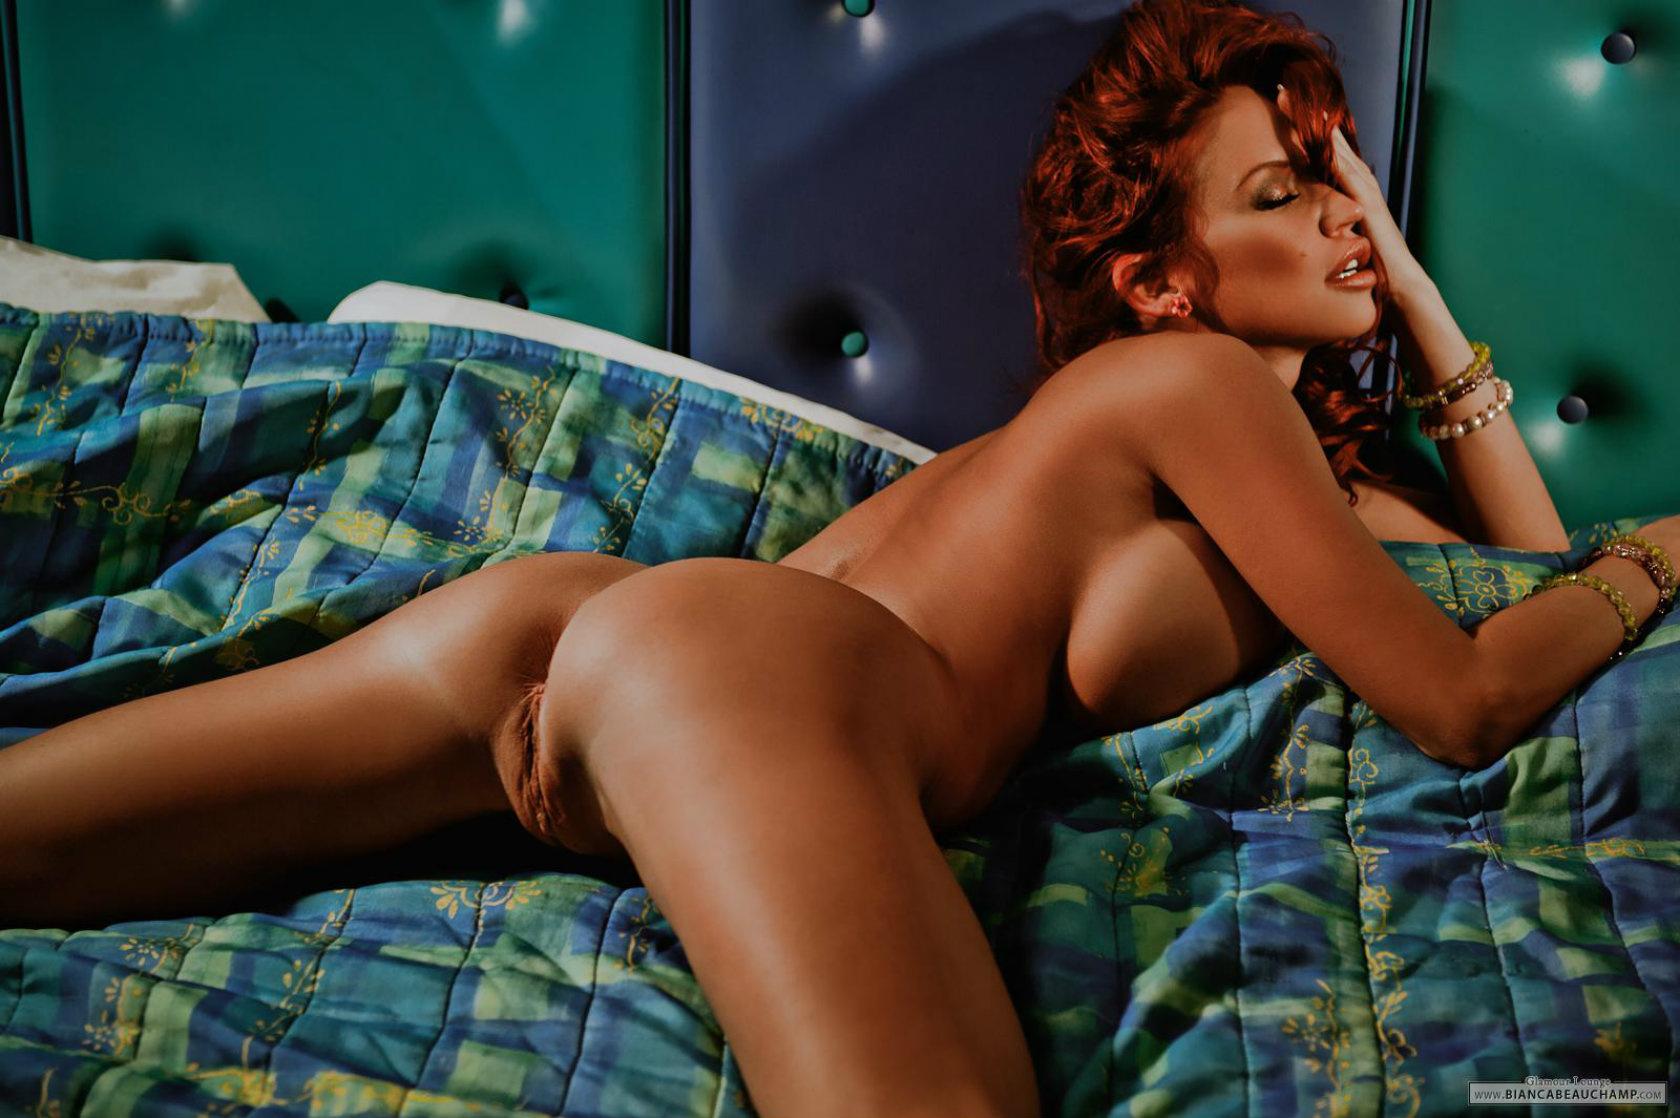 pussy Bianca beauchamp nude
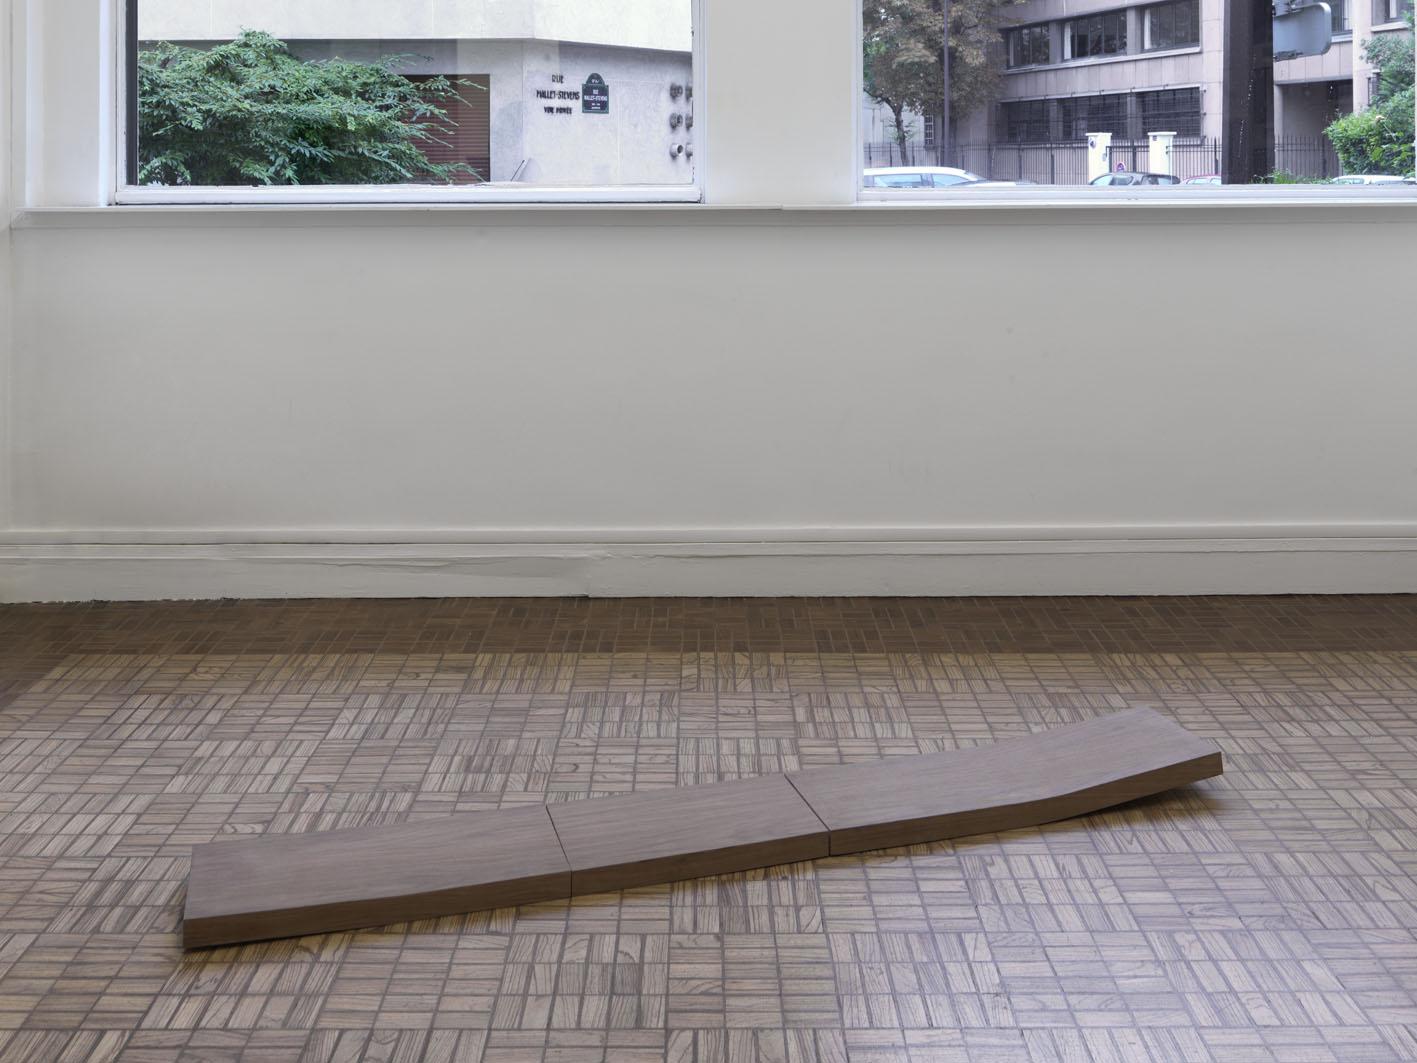 Becky Beasley Plank III (Covering Ground), 2008
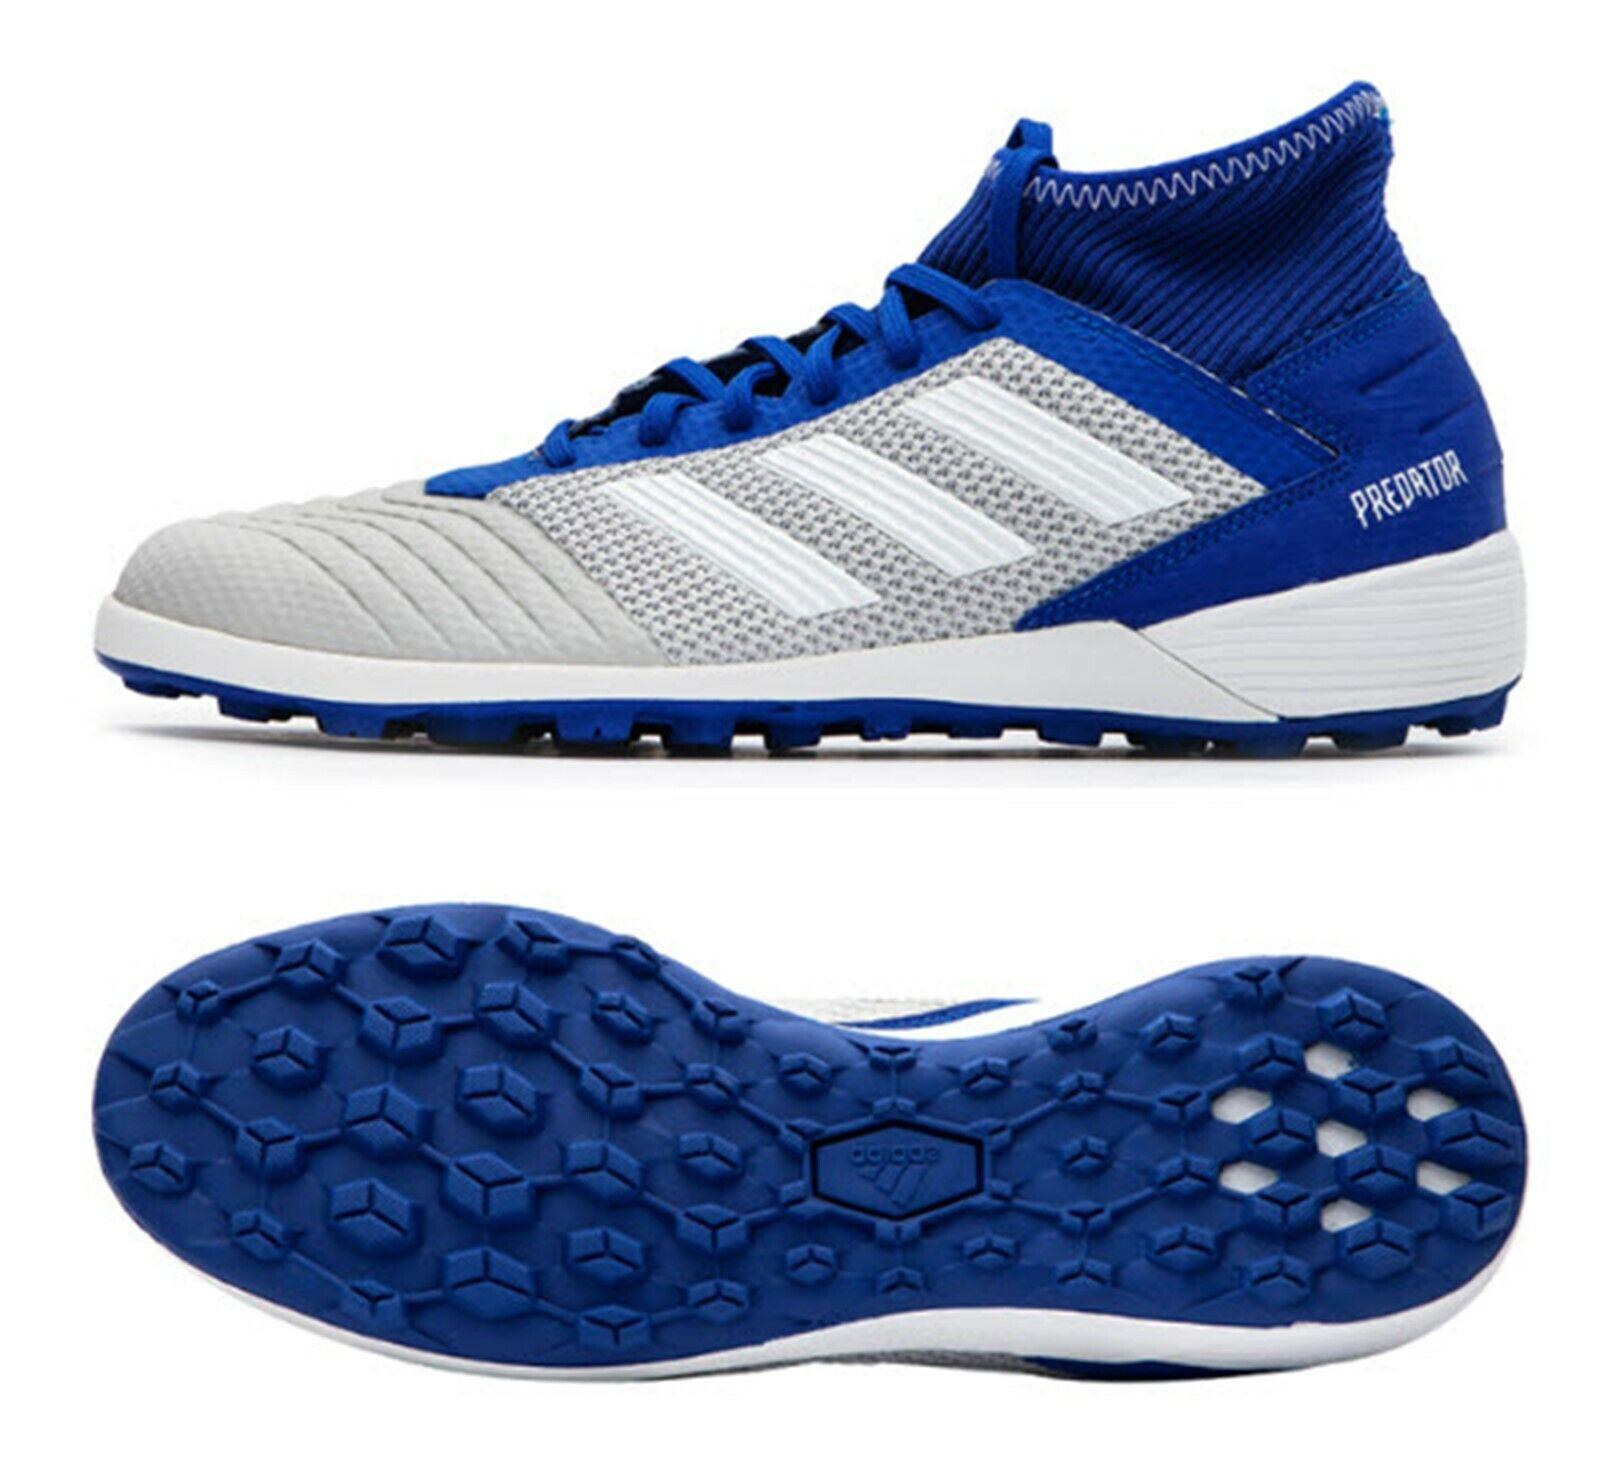 Adidas Men Protator 19.3 TF Cleats Futsal Blau Soccer schuhe Stiefel Spike BC0555

[EXERCISE DIRECTIONS]: Set down all of the material word for word, but keep each picture out.

[OUTPUT OF THE TASK]:
 pussy Bianca beauchamp nude
 Becky Beasley Plank III (Covering Ground), 2008
 Adidas Men Protator 19.3 TF Cleats Futsal Blau Soccer schuhe Stiefel Spike BC0555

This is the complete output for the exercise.